- Born: Zimbabwe
- Education: University of California, Los Angeles.
- Occupations: biochemist and conservationist by profession
- Known for: She was the only female candidate for president in the 2023 Zimbabwean general election.
- Political party: Established United Zimbabwe Alliance political party in 2022.
- Mother: Isabel Madangure first woman to contest a presidential election in African history. A descendants of Masvingo's chieftain Mugabe.

= Elisabeth Valerio =

Zimbabwean businesswoman and politician

Elisabeth Isabel Valerio is a Zimbabwean businesswoman and politician who is leader of the United Zimbabwe Alliance (UZA). She was the only female candidate for president in the 2023 Zimbabwean general election.

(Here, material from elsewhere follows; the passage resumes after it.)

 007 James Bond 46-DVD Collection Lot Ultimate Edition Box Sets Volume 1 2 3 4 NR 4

== Early life and education ==
Elisabeth Valerio was born in Masvingo, Zimbabwe. She grew up in Hwange in Matabeleland North Province. She spent most of her childhood in the mid-1970s in her parents’ grocery store at Machipisa Shopping Center in Highfield.

Valerio attended University of California, Los Angeles.

== Career ==
Valerio is a biochemist and conservationist by profession. She began her career as a biochemist then moved to Hwange, where she became an environmentalist. In 2020, Elisabeth was led a national appeal to Emmerson Mnangagwa to stop coal mining in the Hwange National Park and any other park reserve, the Zimbabwe’s cabinet then announced that no mining would occur within any national park in Zimbabwe. She is the founding Chairperson for the Association for Tourism Hwange.

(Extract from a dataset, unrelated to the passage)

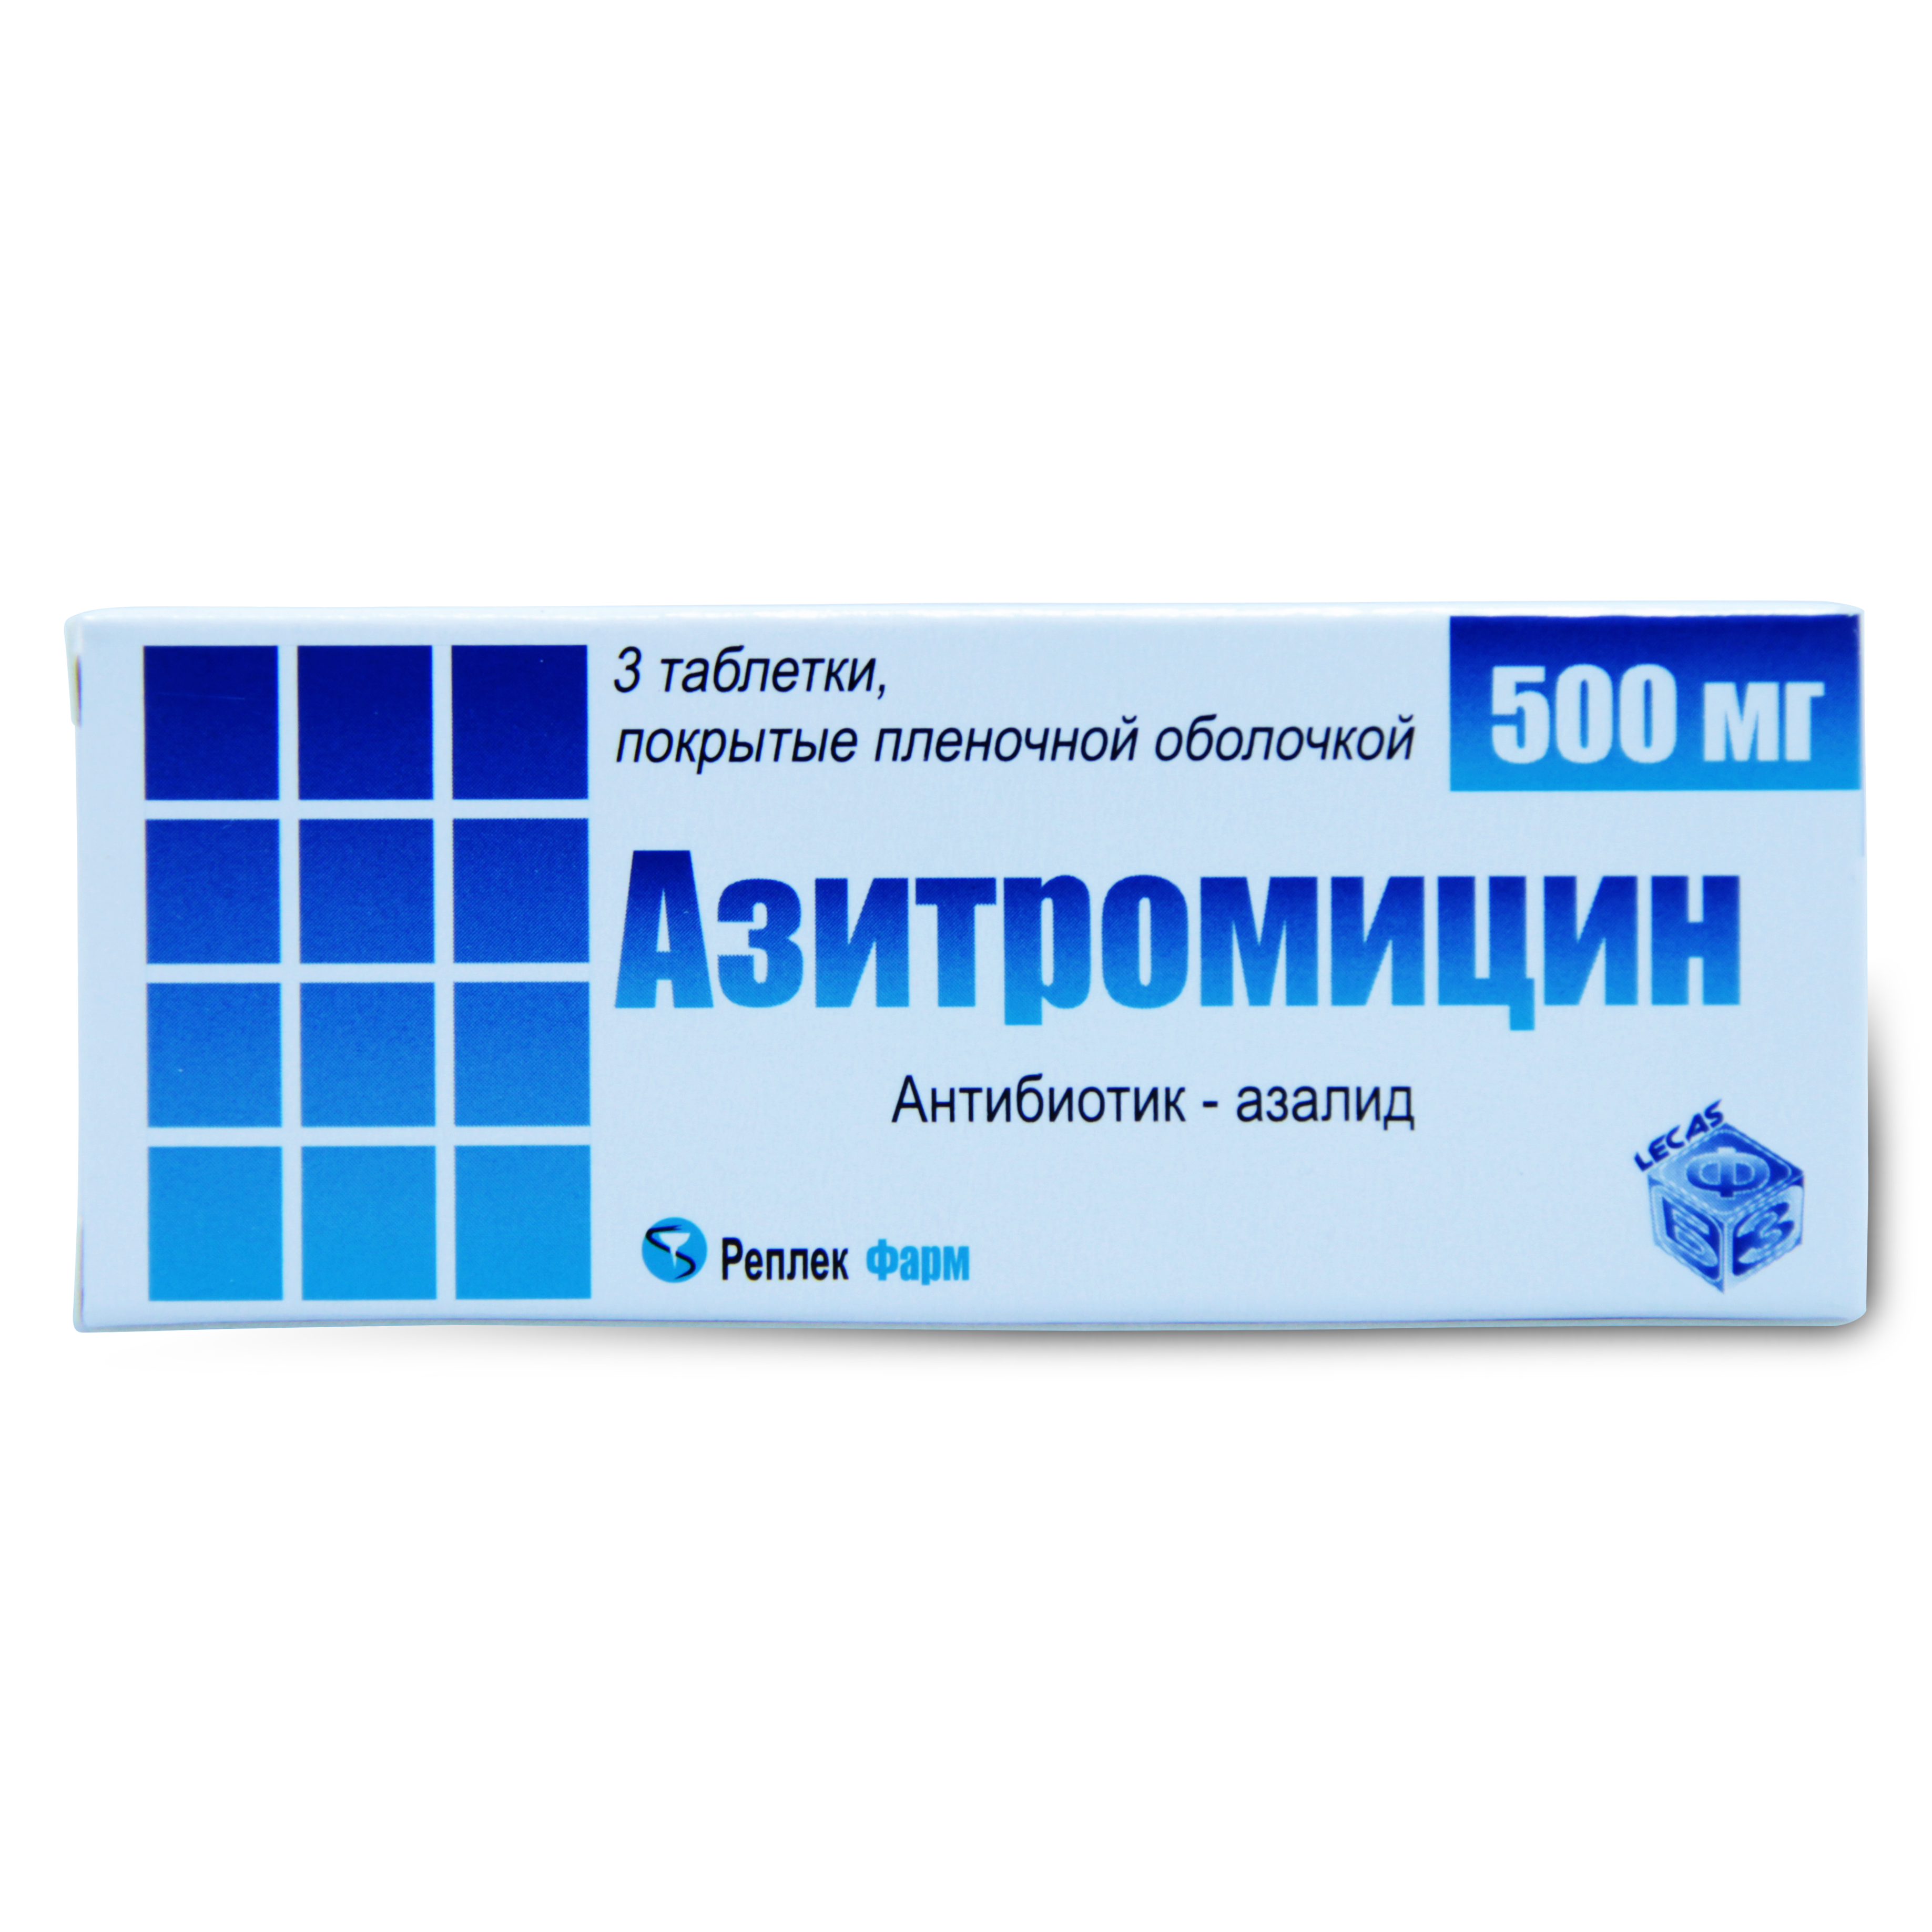 Азитромицин таблетки покрытые пленочной оболочкой 500 мг 3 шт.

In 2022, Elisabeth founded of the Entrepreneurial & Leadership Initiative for Sustainability in Africa (ELISA). Elisabeth Valerio established United Zimbabwe Alliance political party in 2022. The party was launched on 16 March 2022 at the Andy Millar Hall in Harare, Zimbabwe.

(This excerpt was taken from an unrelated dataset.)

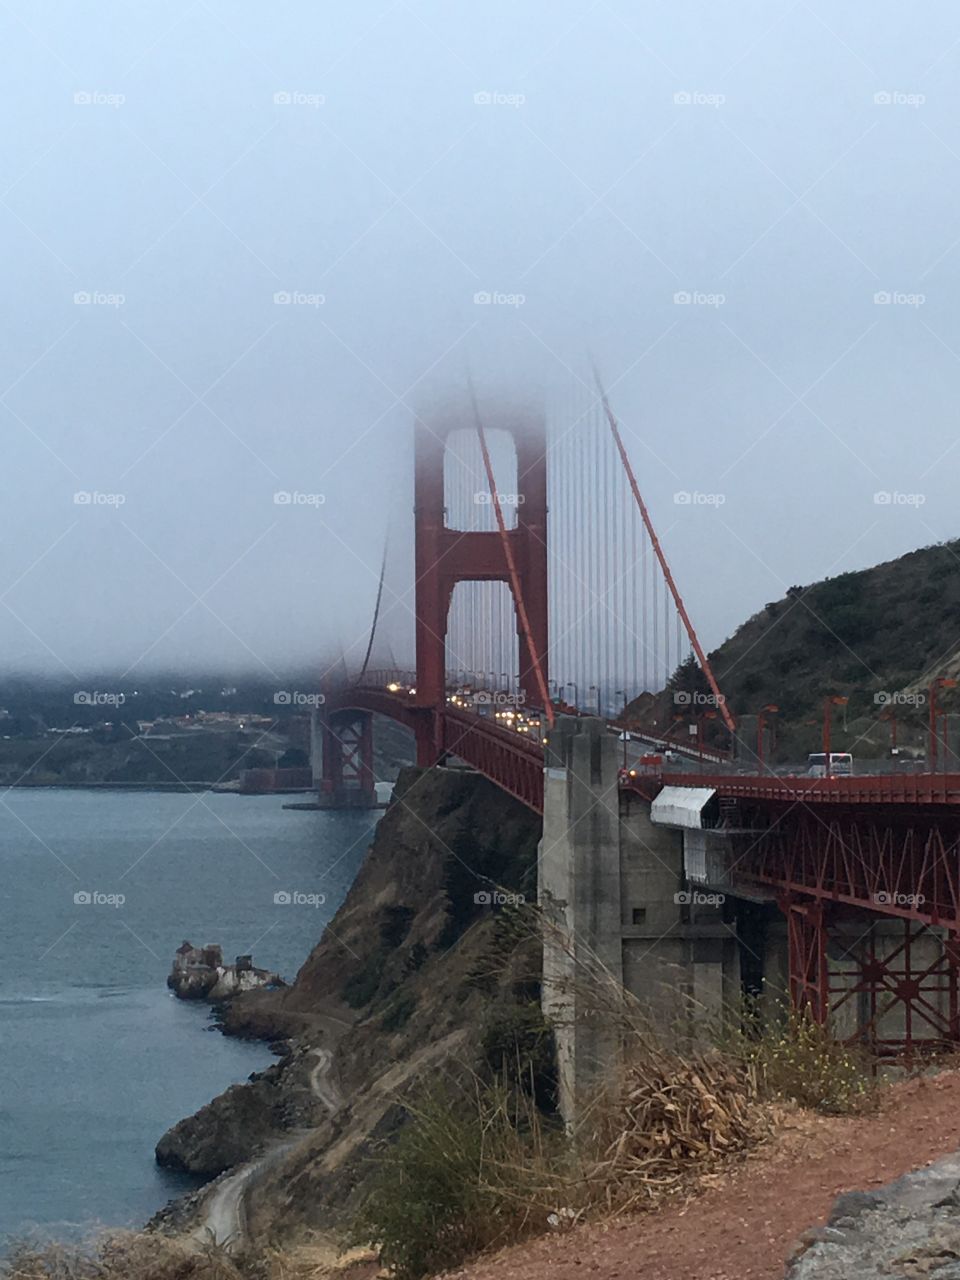 San Francisco's foggy Golden Gate Bridge in August
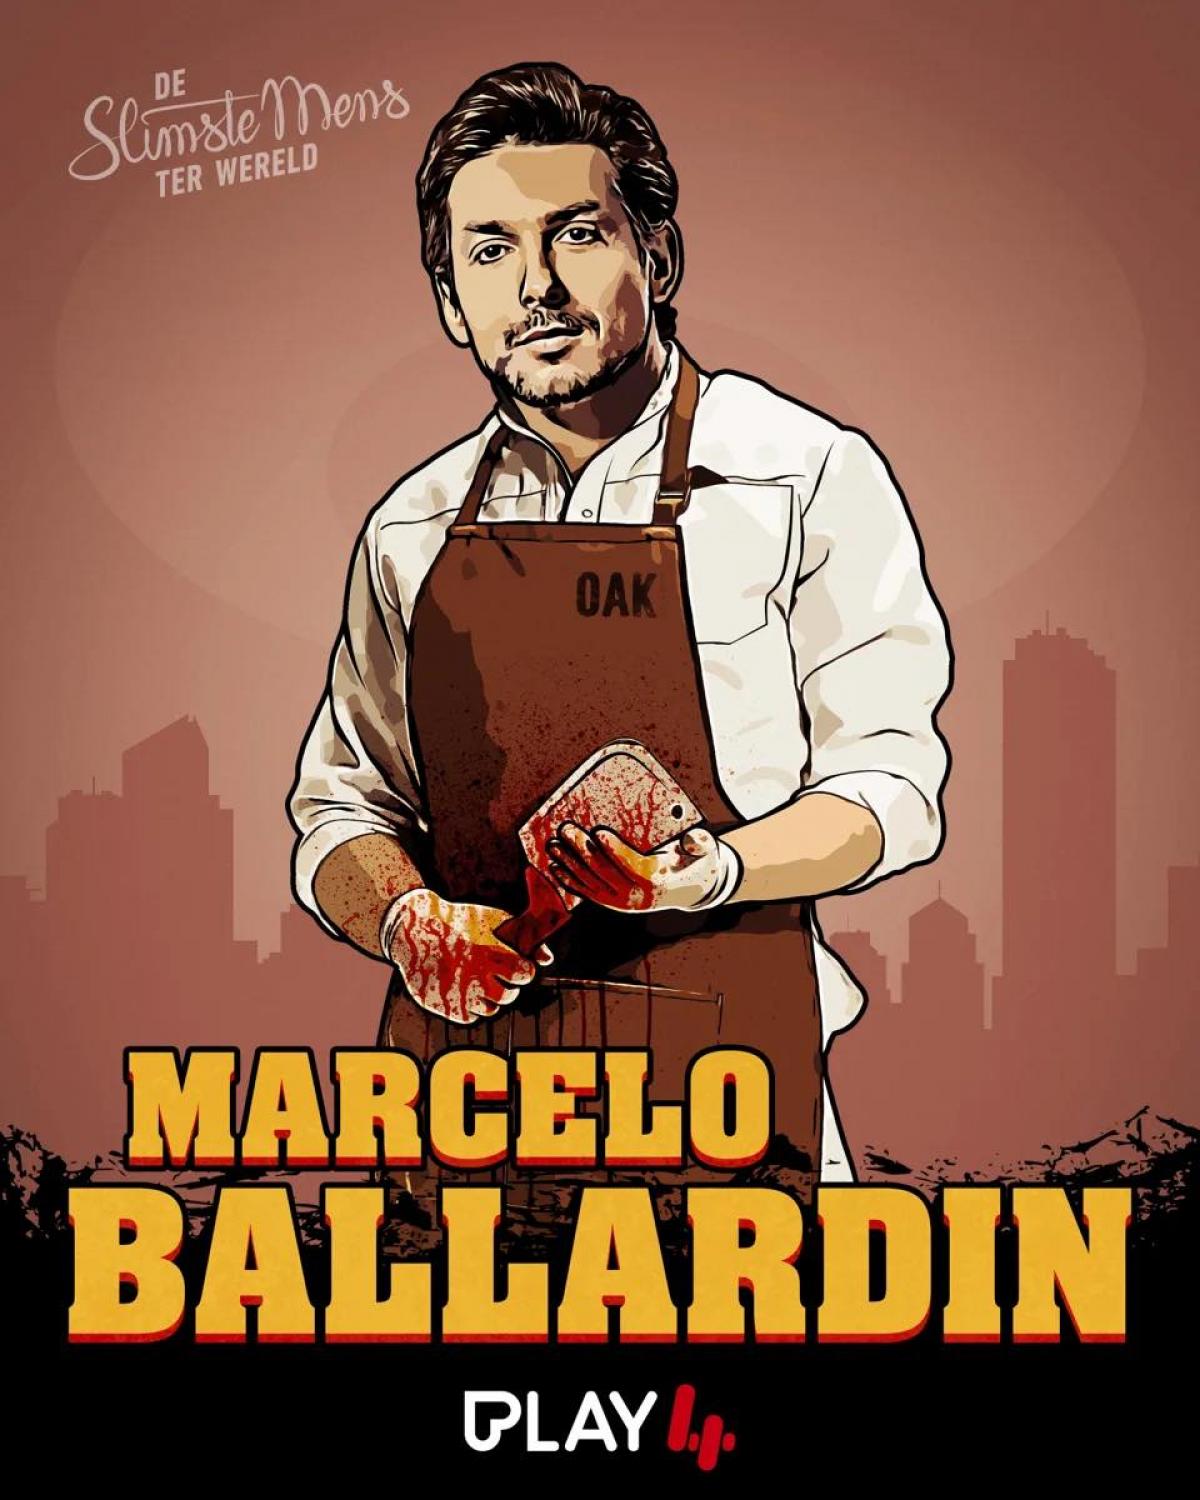 Chef-kok Marcelo Ballardin

Valerio became an official candidate in the 2023 Zimbabwean general election after winning an appeal barring her participation. In the election she came ninth out of eleven candidates.

== Personal life ==
Valerio's mother Isabel Madangure was the first woman to contest a presidential election in African history. They are descendants of Masvingo's chieftain Mugabe.